Let us not be too naïve and not admit that there are times when attitudes are different and the approach of officials is more lax than on other occasions. These periods of strict supervision seem to coincide with periods of stringency and difficult financial positions. That is not as it should be. I am sick talking about the attitude of social welfare investigation officers. I met a woman five days ago whose husband lost his pension while she was working as assistant housekeeper in the county home, St. Joseph's. When she became ill and had to go to hospital the pension was restored but the investigation officer called twice— once at 8.30 in the evening—to see if she had gone back to work. I presume that had she returned to work her husband's pension would have been cut again. The officer called in the evening because he suspected she was on the night shift. That is going a little too far and is not in keeping with a Department whose function it is to give benefits to people who are entitled to them. I am not attacking the individual who was carrying out his duty.

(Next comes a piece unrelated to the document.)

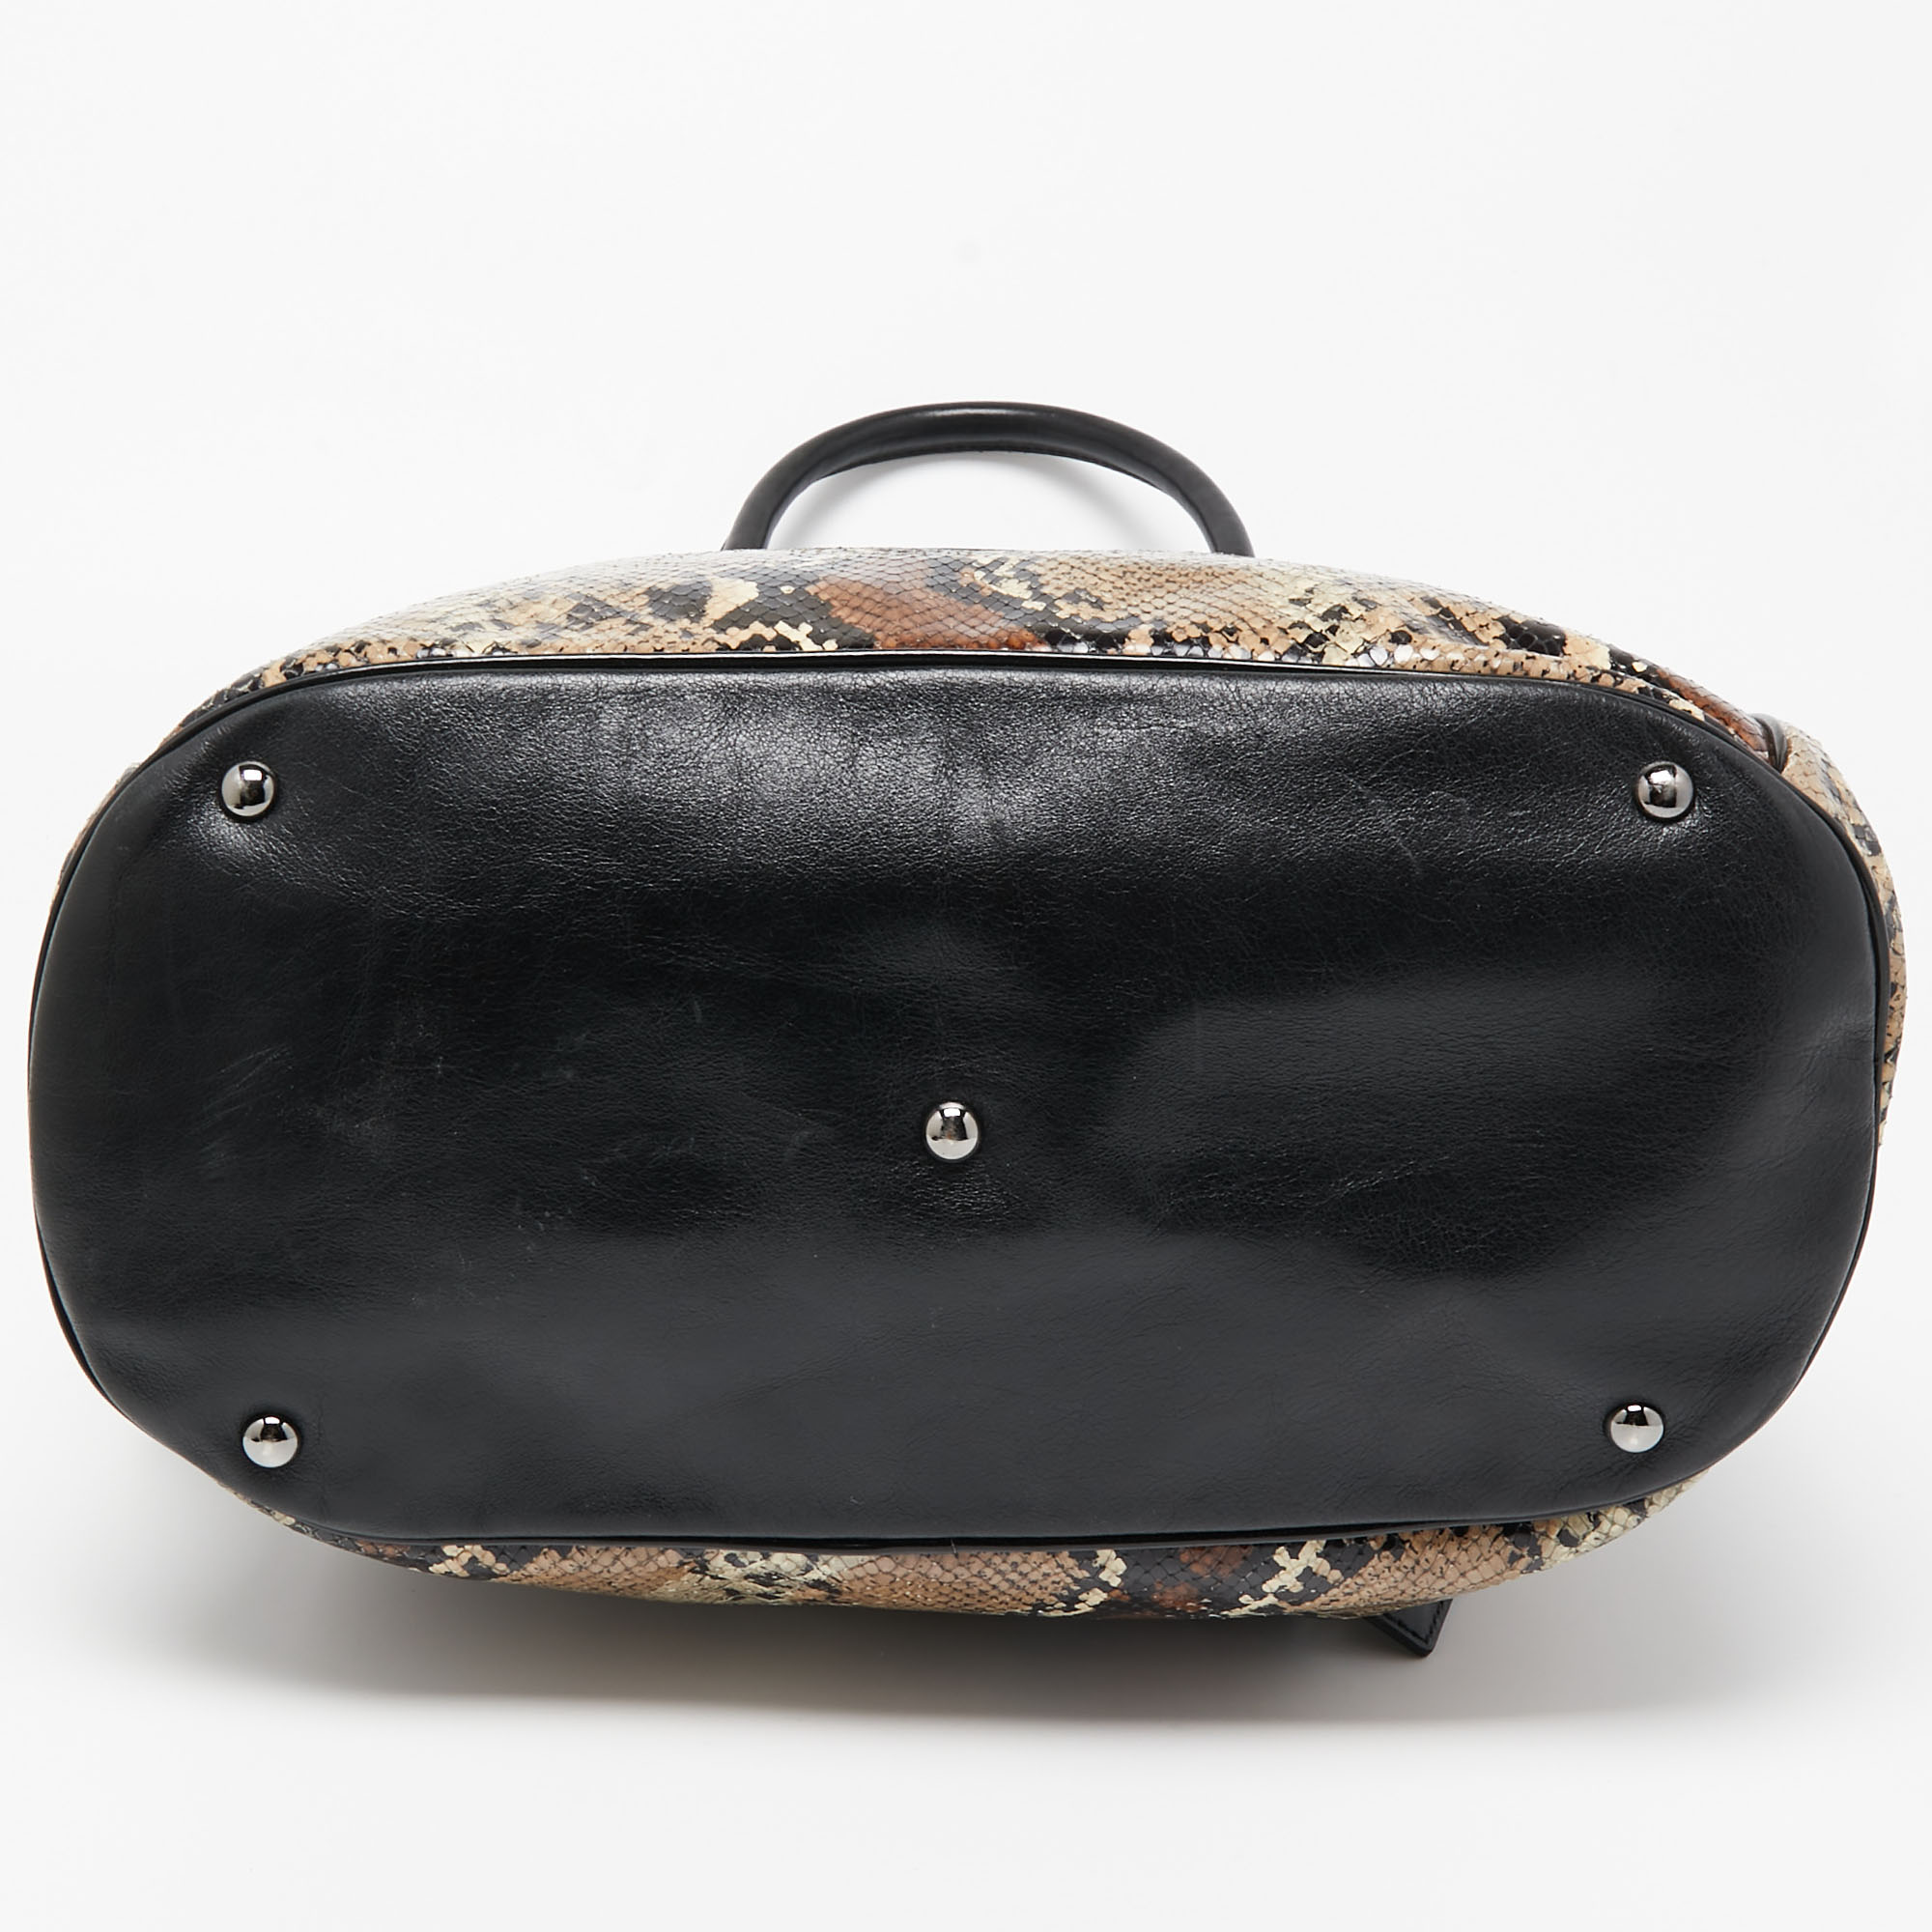 Longchamp Black/Beige Python Embossed Leather Cosmo Satchel

The amount of money being spent on social welfare at present is very big but the Department are getting a greater percentage from the contributions of employers and employees. The contribution rate was approximately one-third from the State, one-third from the employee and one-third from the employer. It was weighted in favour of the employee in that the employer was made to pay a little more but often when the fund fell short of the annual requirement the State contribution was raised to 35 per cent. That is being phased out now and much of the money the Government are boasting about is money that is being taken from the people in the form of insurance stamps. Allowing for the increase in the contributions and the millions extra being taken from the employers and employees by way of contribution the extra amount given has been eroded by way of unchecked inflation and the amount extra that is being paid as a result of 116,000 being unemployed. That is the position with regard to social welfare. They are the bare facts of the situation. There is very little left to boast about but I hope the spirit of the motion will not be lost on Members on the Government side and that they will see fit to support it particularly when there is such a clamour for equal rights. This is one area where there should be a complete elimination of any discrimination against one sex compared with another. I hope the terms of the motion will not fall on deaf ears and that Government Deputies will support it.